Written by Josh Sherman and provided courtesy of Livabl.com

A key measure of Canadian debt remains at an alarming all-time high, but tougher mortgage rules are helping households rein in spending, RBC economists suggest in a new report.

The household credit market debt ratio stayed put at 177.6 percent in the first quarter, according to Statistics Canada data published this month. That means for every after-tax dollar a Canadian household earns, about $1.78 is owed — but recent stability on this front is a positive sign, write RBC Senior Economist Robert Hogue and his colleague Economist Carrie Carswell-Freestone.

“The good news is that signs are emerging that households are getting their situation under control,” they note in a Focus on Canada’s Household Debt report.

Housing-related policies, including mortgage stress testing introduced in January 2018 that sets a higher barrier to qualifying for a loan, played a role in reducing the rate of household borrowing.

Credit-market debt climbed 3.7 percent annually in the first quarter, compared to 4.8 percent seen a year earlier. Three years ago, debt was growing at an annual rate of 5.7 percent, RBC says.

Chart: RBC Economics

“Much of that slowing has been engineered by policy makers. The introduction of more stringent mortgage qualification rules, measures to cool key housing markets and earlier interest rate hikes clearly had the desired effect to curb debt accumulation,” the report reads.

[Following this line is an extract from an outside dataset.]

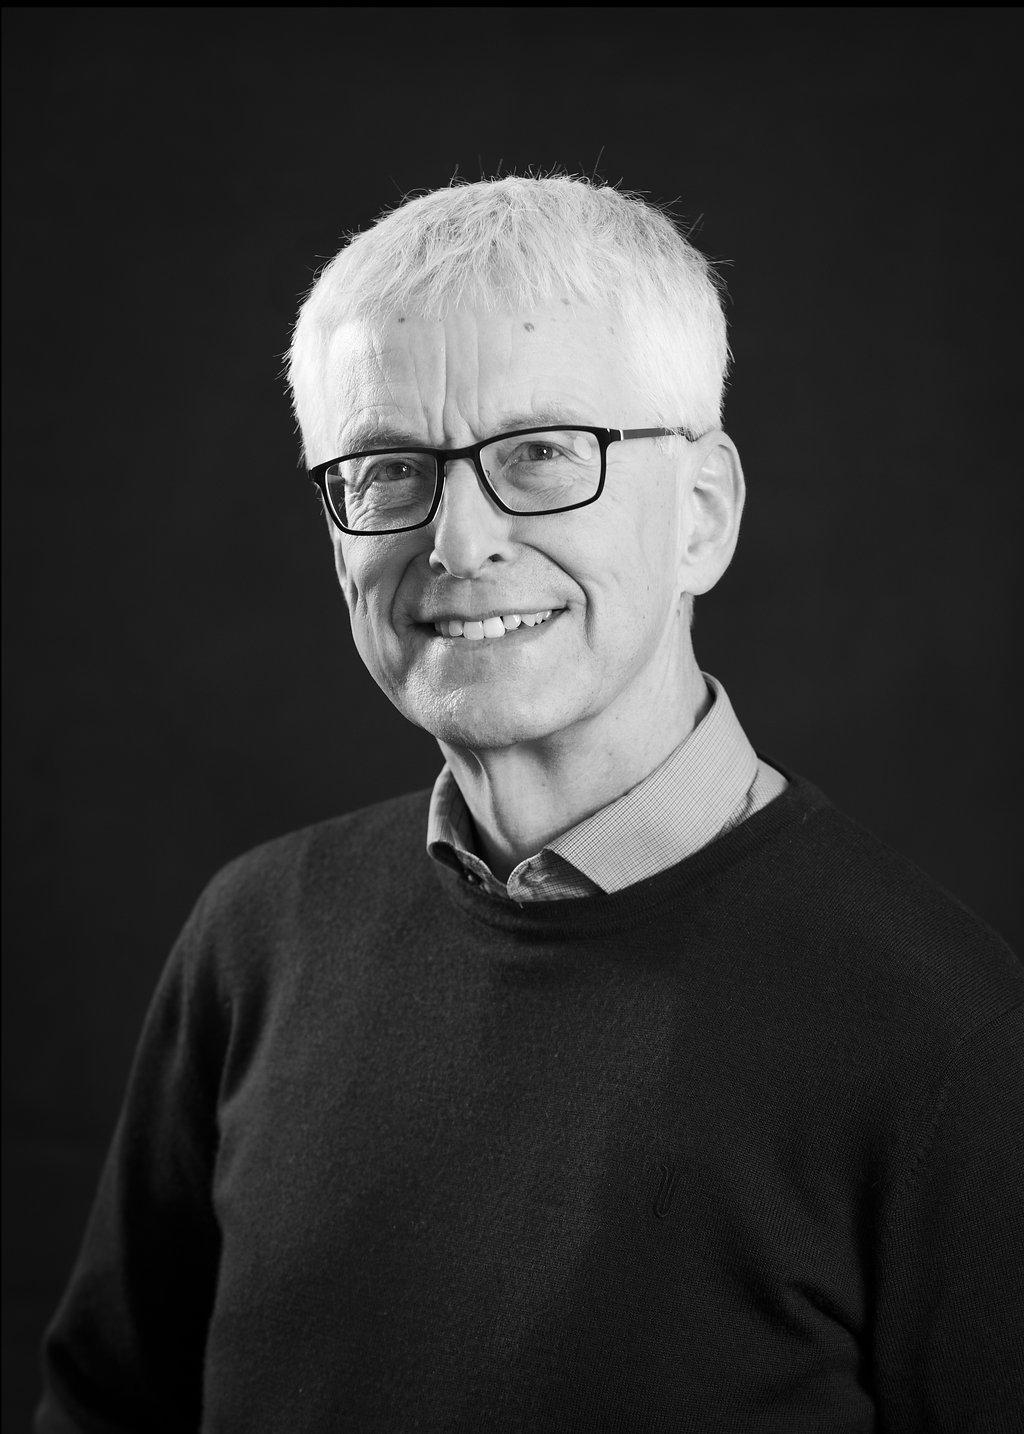 Poul Mikkelsen

Those rate hikes — between summer 2017 and fall 2018 the Bank of Canada hiked its policy rate five times — have kept the pressure on households.

Canadian households are currently spending a 14.9-percent share of collective disposable income servicing debt as of the first quarter, the sixth in a row that ratio has increased and equal to 2007’s record high.

Chart: RBC Economics

“Pressure will persist in the near term,” the RBC economists say.

However, the interest-rate outlook has shifted this year. Previously, it was anticipated that the central bank would continue hiking its policy rate, which influences the mortgage market.

But a weaker-than-expected economy has stopped the Bank of Canada in its tracks, and some are even suggesting policymakers will slash rates. Regardless, rates for five-year fixed-rate mortgages (the most popular in Canada) recently dipped to a two-year low.

“Though with the Bank of Canada staying on the sidelines for a while, the debt service ratio is poised to stabilize in the period ahead,” write Hogue and Carswell-Freestone.